* Material to process
------------------------------------------------------------

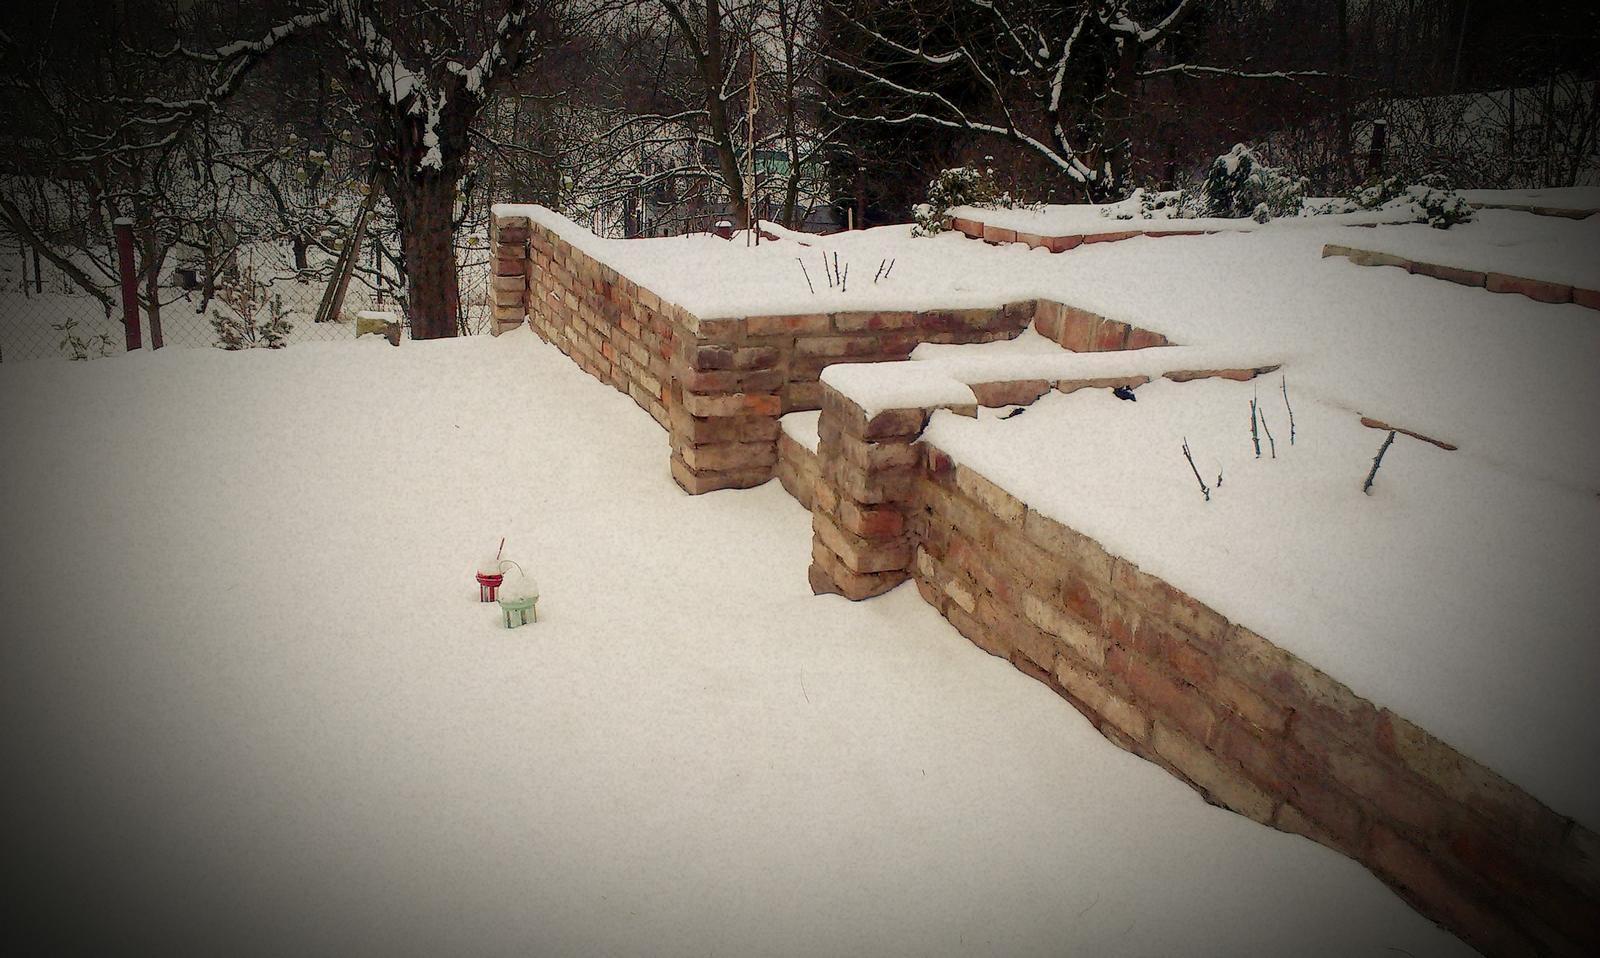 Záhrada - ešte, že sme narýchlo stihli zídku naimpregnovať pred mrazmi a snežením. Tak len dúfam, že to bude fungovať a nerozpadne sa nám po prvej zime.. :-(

------------------------------------------------------------

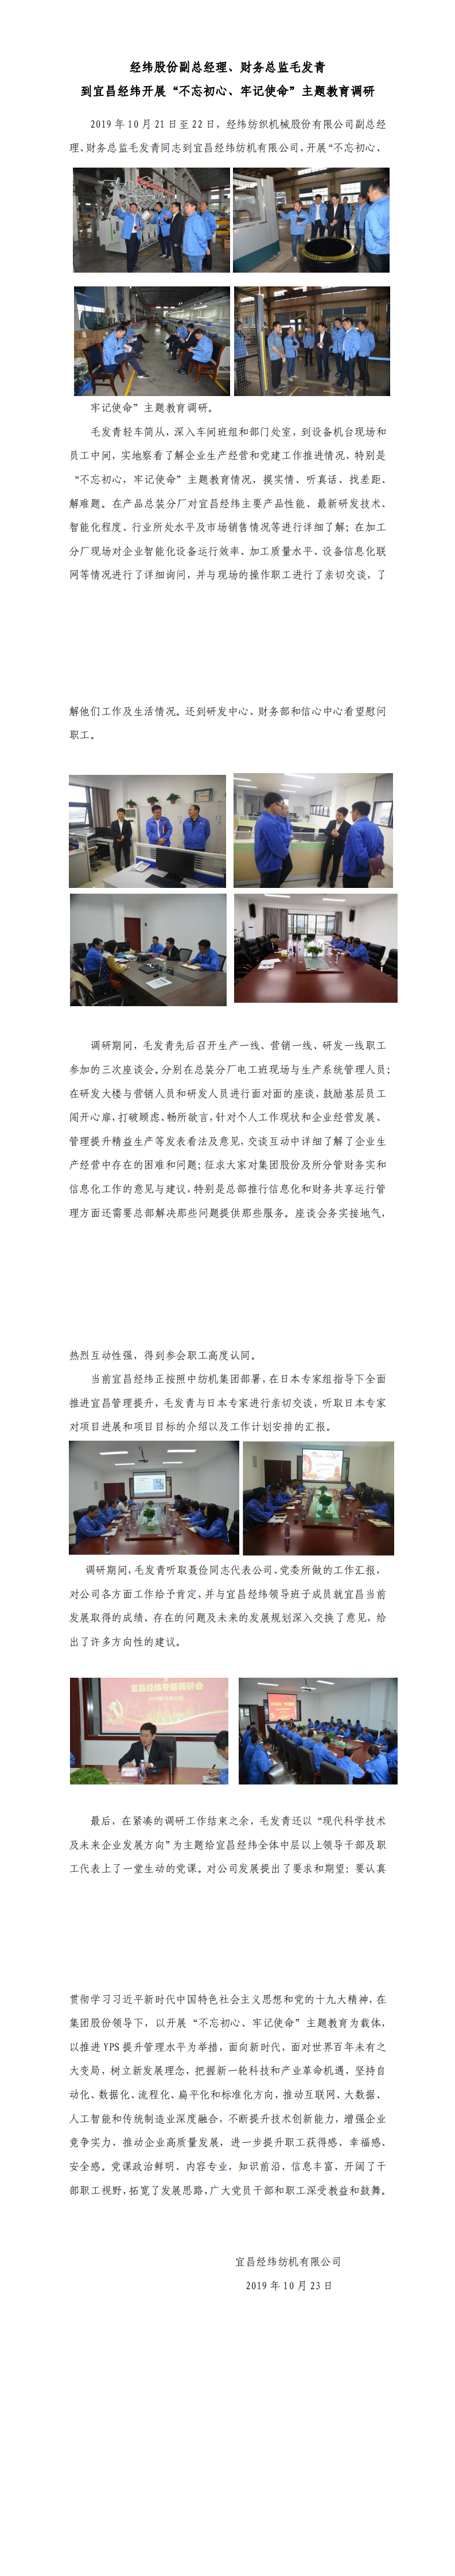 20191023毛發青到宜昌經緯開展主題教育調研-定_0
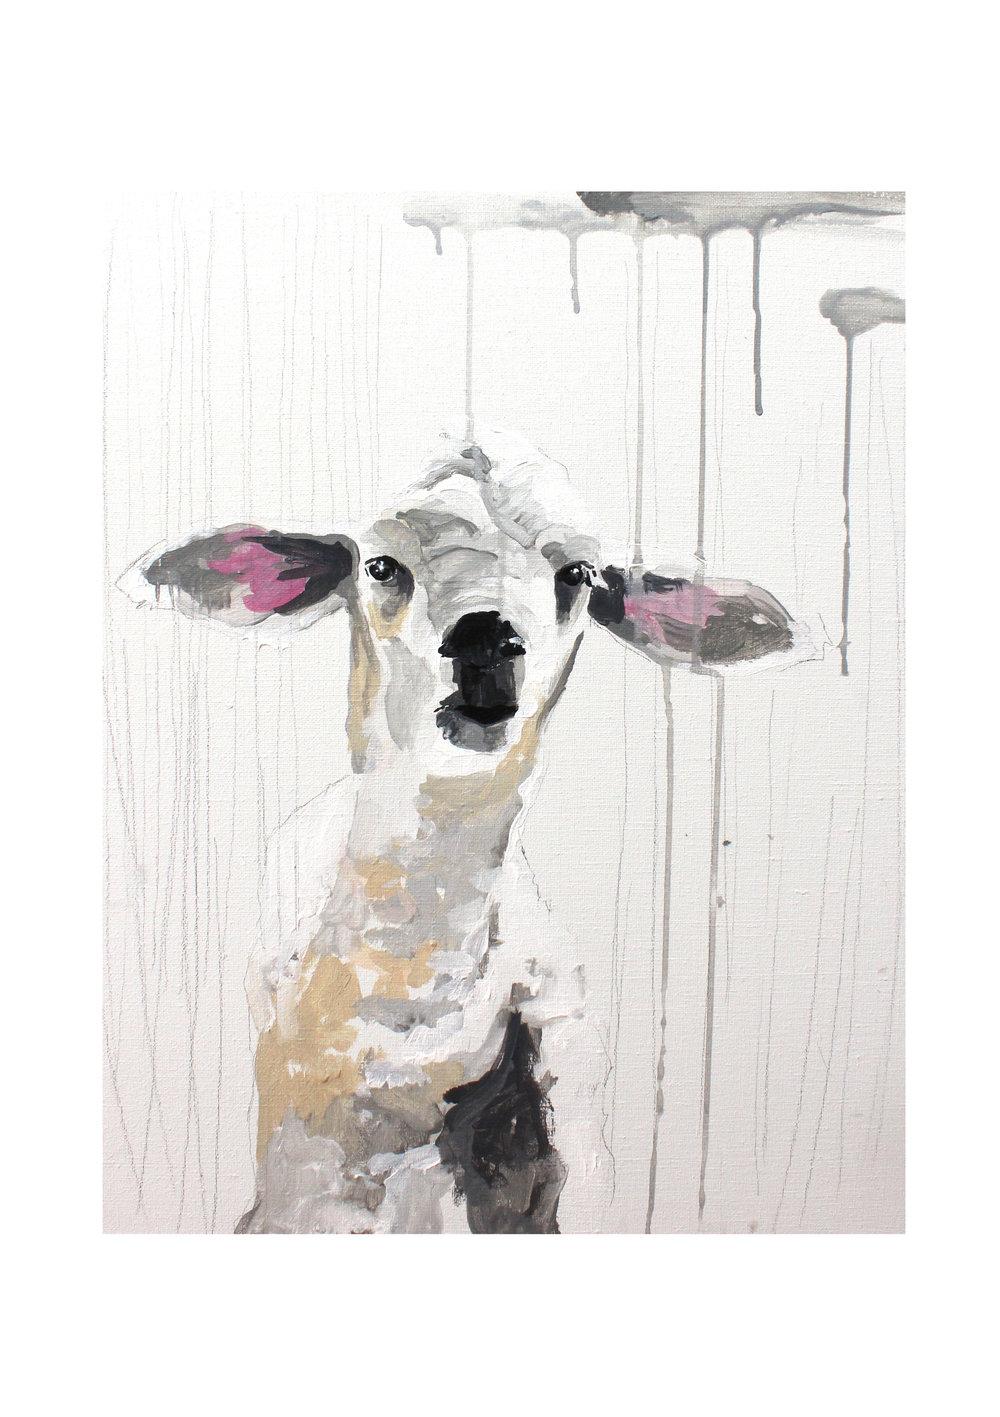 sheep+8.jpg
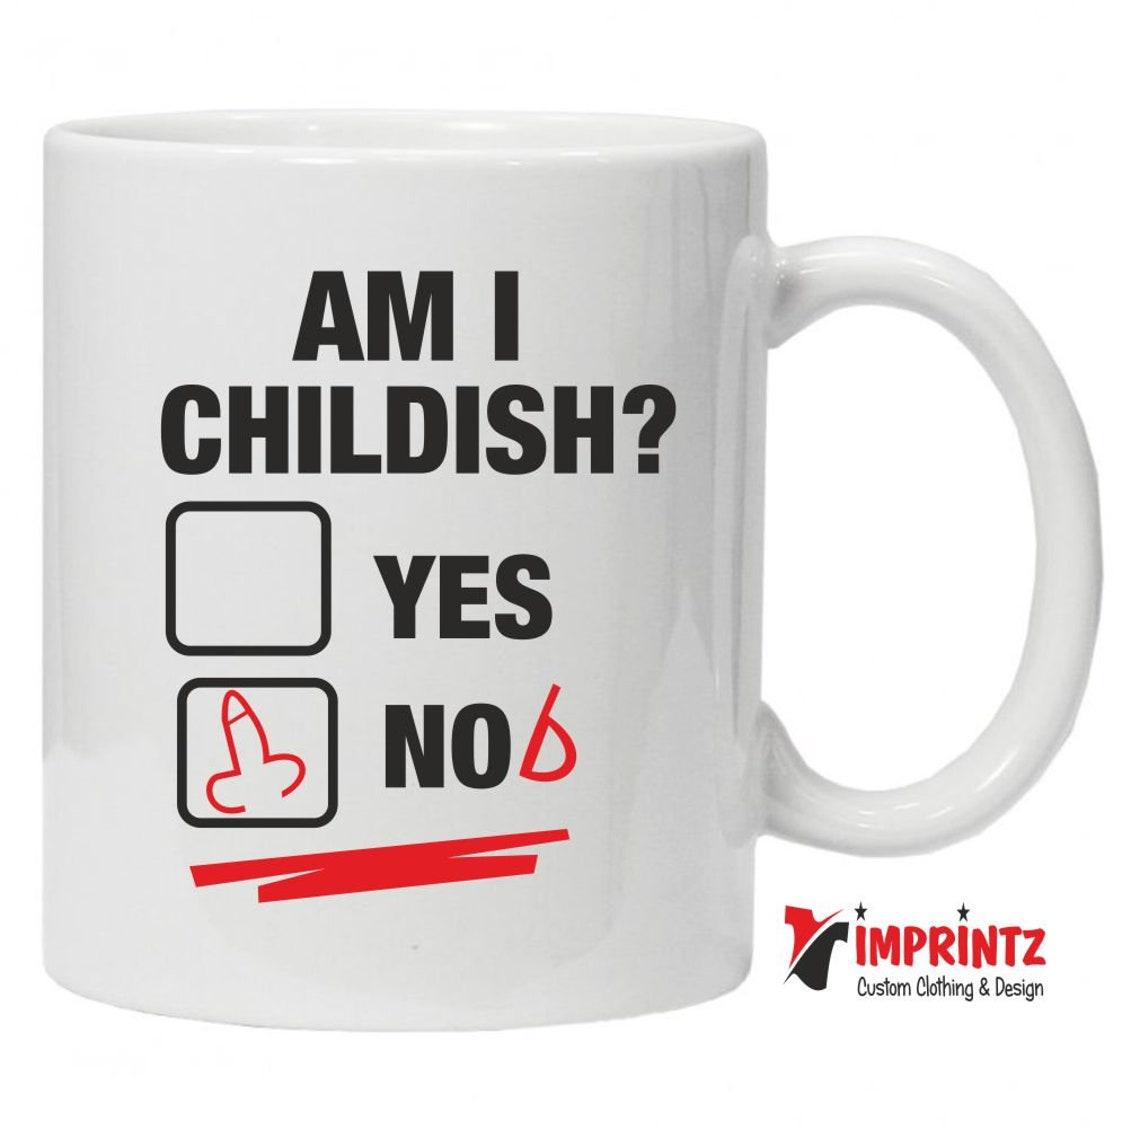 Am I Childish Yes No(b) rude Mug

------------------------------------------------------------

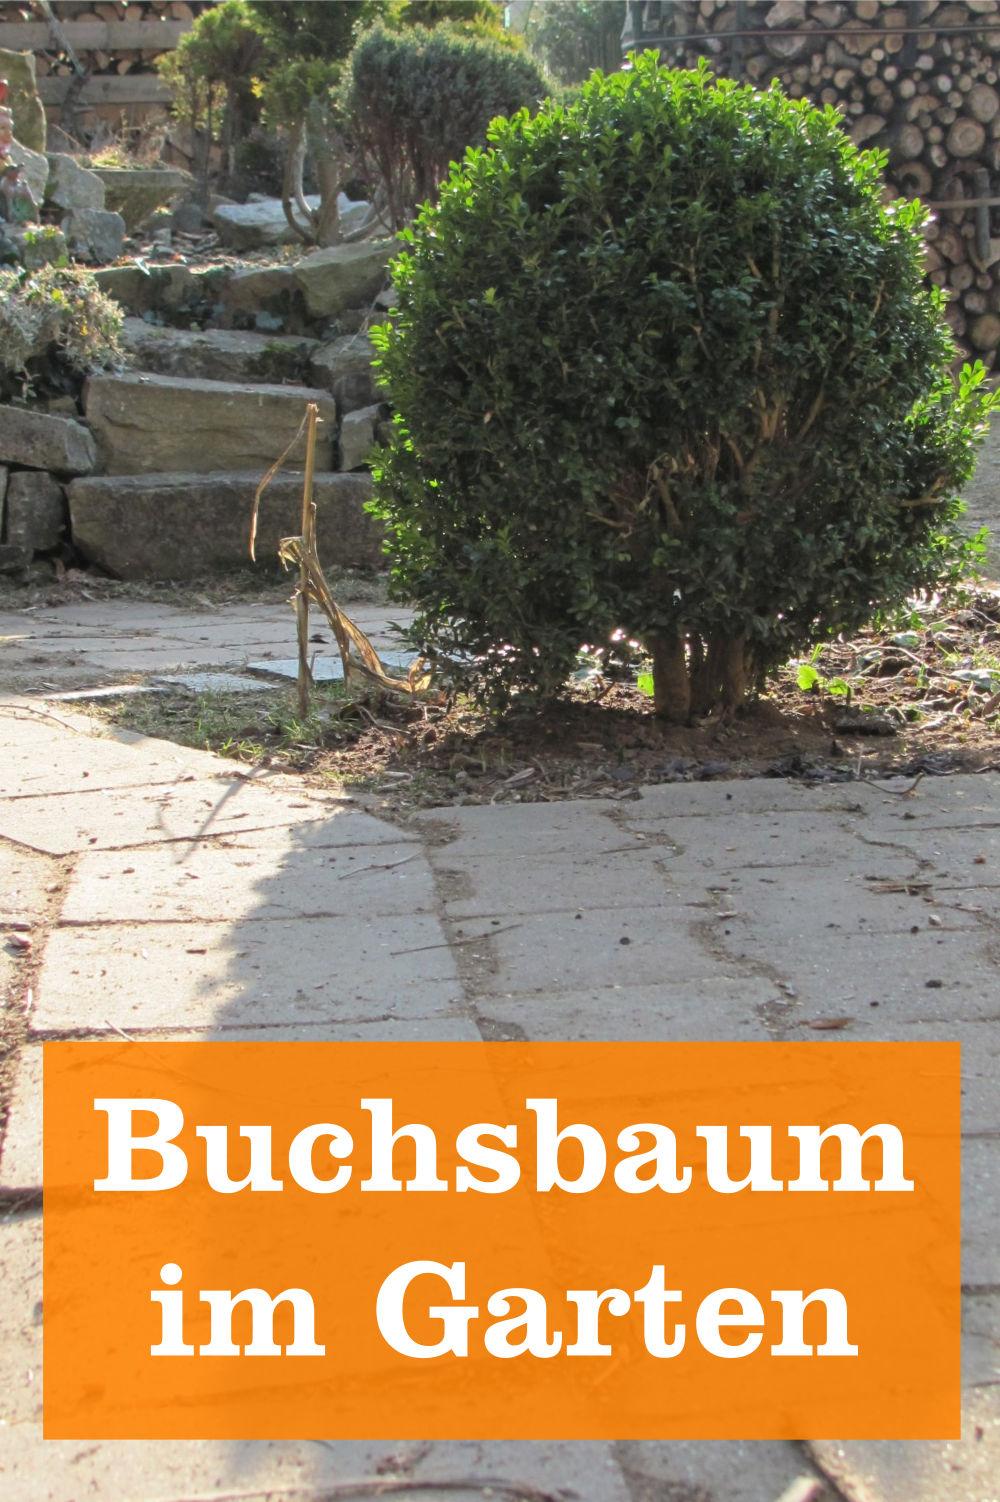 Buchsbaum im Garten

------------------------------------------------------------

Return exactly the stretch above whose first line contains "20191023毛發青到宜昌經緯開展主題教育調研-定_0" and whose last line contains "Am I Childish Yes No(b) rude Mug", and nothing outside it. The pictures should not appear.

 20191023毛發青到宜昌經緯開展主題教育調研-定_0
 sheep+8.jpg
 Am I Childish Yes No(b) rude Mug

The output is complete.